2. Add ftrace or kprobe on remove_compat_devs and add_one_compat_dev to
   capture the exact sequence of events. The key question: does any
   add_one_compat_dev call happen AFTER remove_compat_devs for the same device?

3. Check whether the bug exists on non-PREEMPT_RT kernels. If only PREEMPT_RT
   is affected, hypothesis 1 (rwsem downgrade race) or hypothesis 2 (RCU/xarray
   interaction) is more likely.

4. Look at the kernel version of the syzkaller report. Check git log for any
   changes to drivers/infiniband/core/device.c around the report date that may
   have introduced or fixed the issue.

5. Investigate enable_device_and_get's downgrade_write() path -- specifically
   whether a concurrent disable_device can observe DEVICE_REGISTERED set between
   xa_set_mark and the downgrade, then fail to clear it before add_compat_devs runs.

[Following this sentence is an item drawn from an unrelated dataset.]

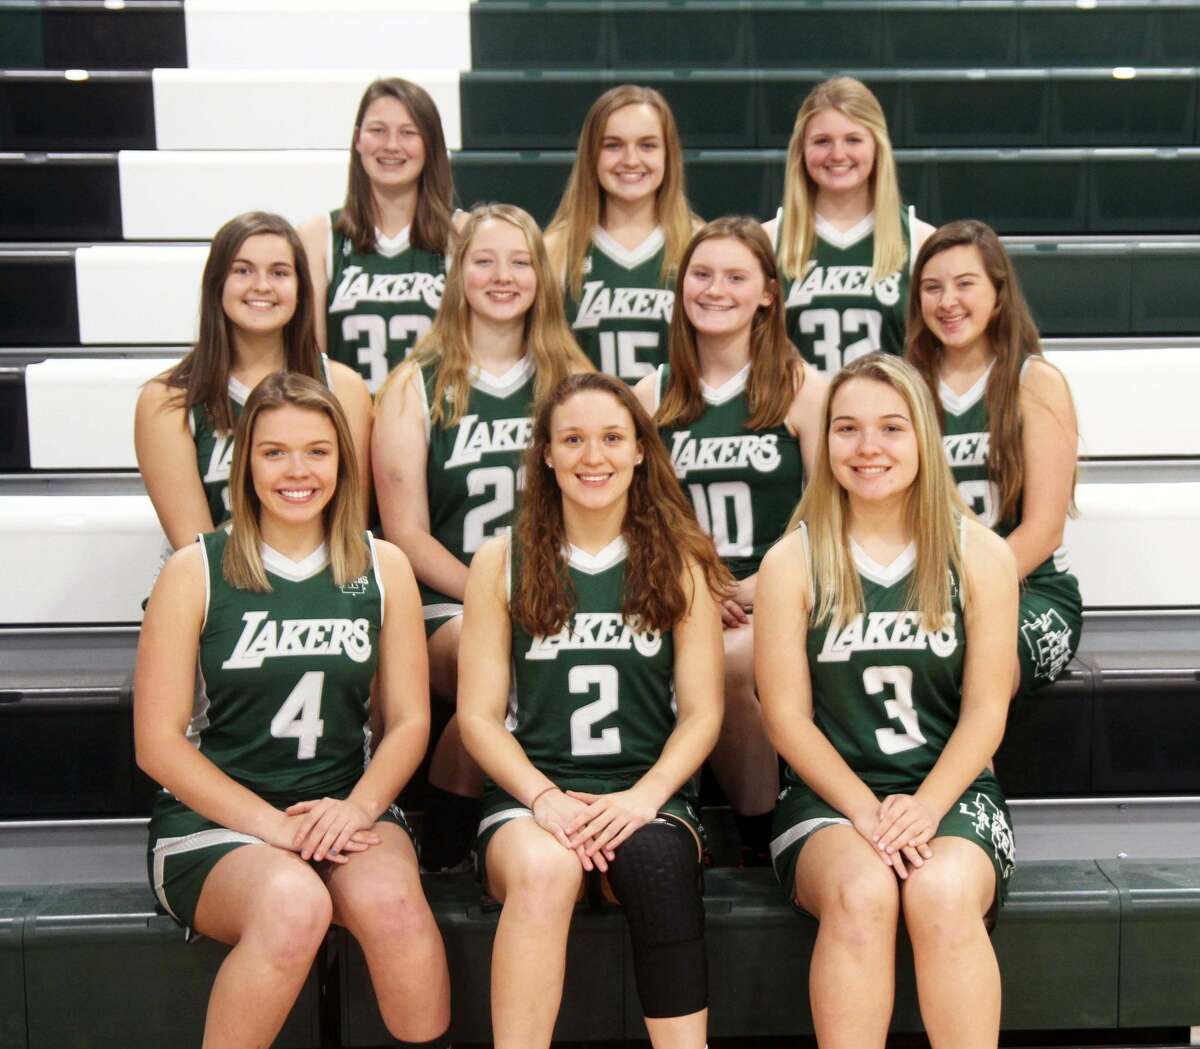 The 2019-2020 Laker girls basketball team is, front row, Lanea Rosa, Kyle Bowles and Lauren Henry; middle row, Leah Irion, Madison Helmuth, Savannah Schulz and Hannah Helmuth; and back row, Alexandria Scuddan, Emma Lee Irion and Hannah Penfold.

------------------------------------------------------------------------

^ permalink raw reply	[flat|nested] 7+ messages in thread

* Re: [syzbot] [rdma?] WARNING in ib_dealloc_device
  2026-04-14 10:47       ` Leon Romanovsky
@ 2026-04-14 12:18         ` Jason Gunthorpe
  0 siblings, 0 replies; 7+ messages in thread
From: Jason Gunthorpe @ 2026-04-14 12:18 UTC (permalink / raw)
  To: Leon Romanovsky
  Cc: Jiri Pirko, syzbot, linux-kernel@vger.kernel.org,
	linux-rdma@vger.kernel.org, syzkaller-bugs@googlegroups.com

On Tue, Apr 14, 2026 at 01:47:01PM +0300, Leon Romanovsky wrote:
> On Mon, Apr 13, 2026 at 02:42:28PM -0300, Jason Gunthorpe wrote:
> > On Mon, Apr 13, 2026 at 04:12:09PM +0000, Jiri Pirko wrote:
> > >    Will check it tmrw
> > 
> > I fed it to Claude and after 40 mins it is stumped too.. It should not
> > be possible for this to happen.
> 
> Interesting, I used Chris's prompts for this debug and got the following
> suggestions (CONFIG_PREEMPT_RT=y in this .config):
> 
> ------------------------------------------------------------------------
> REMAINING HYPOTHESES
> ------------------------------------------------------------------------
> 
> 1. PREEMPT_RT rwsem behavior (most likely for syzkaller SOFTLOCKUP trigger):
>    Under PREEMPT_RT, down_write/down_read use rt_mutex internally. Priority
>    inheritance and preemption semantics differ from non-RT. There may be a
>    window in the rwsem downgrade path inside enable_device_and_get (which
>    downgrades from WRITE to READ after setting DEVICE_REGISTERED) that allows
>    a concurrent disable_device to observe an inconsistent state.

Is this actually true? What is the point of implementing
downgrade_write like this?

>    Specifically: enable_device_and_get does:
>      down_write(devices_rwsem)
>      xa_set_mark(DEVICE_REGISTERED)
>      downgrade_write(devices_rwsem)  [WRITE -> READ]
>      add_compat_devs()
>      up_read(devices_rwsem)
> 
>    Under PREEMPT_RT, could disable_device acquire WRITE between the xa_set_mark
>    and downgrade_write? If so, it would clear DEVICE_REGISTERED while
>    add_compat_devs is about to run (but hasn't yet seen the mark cleared).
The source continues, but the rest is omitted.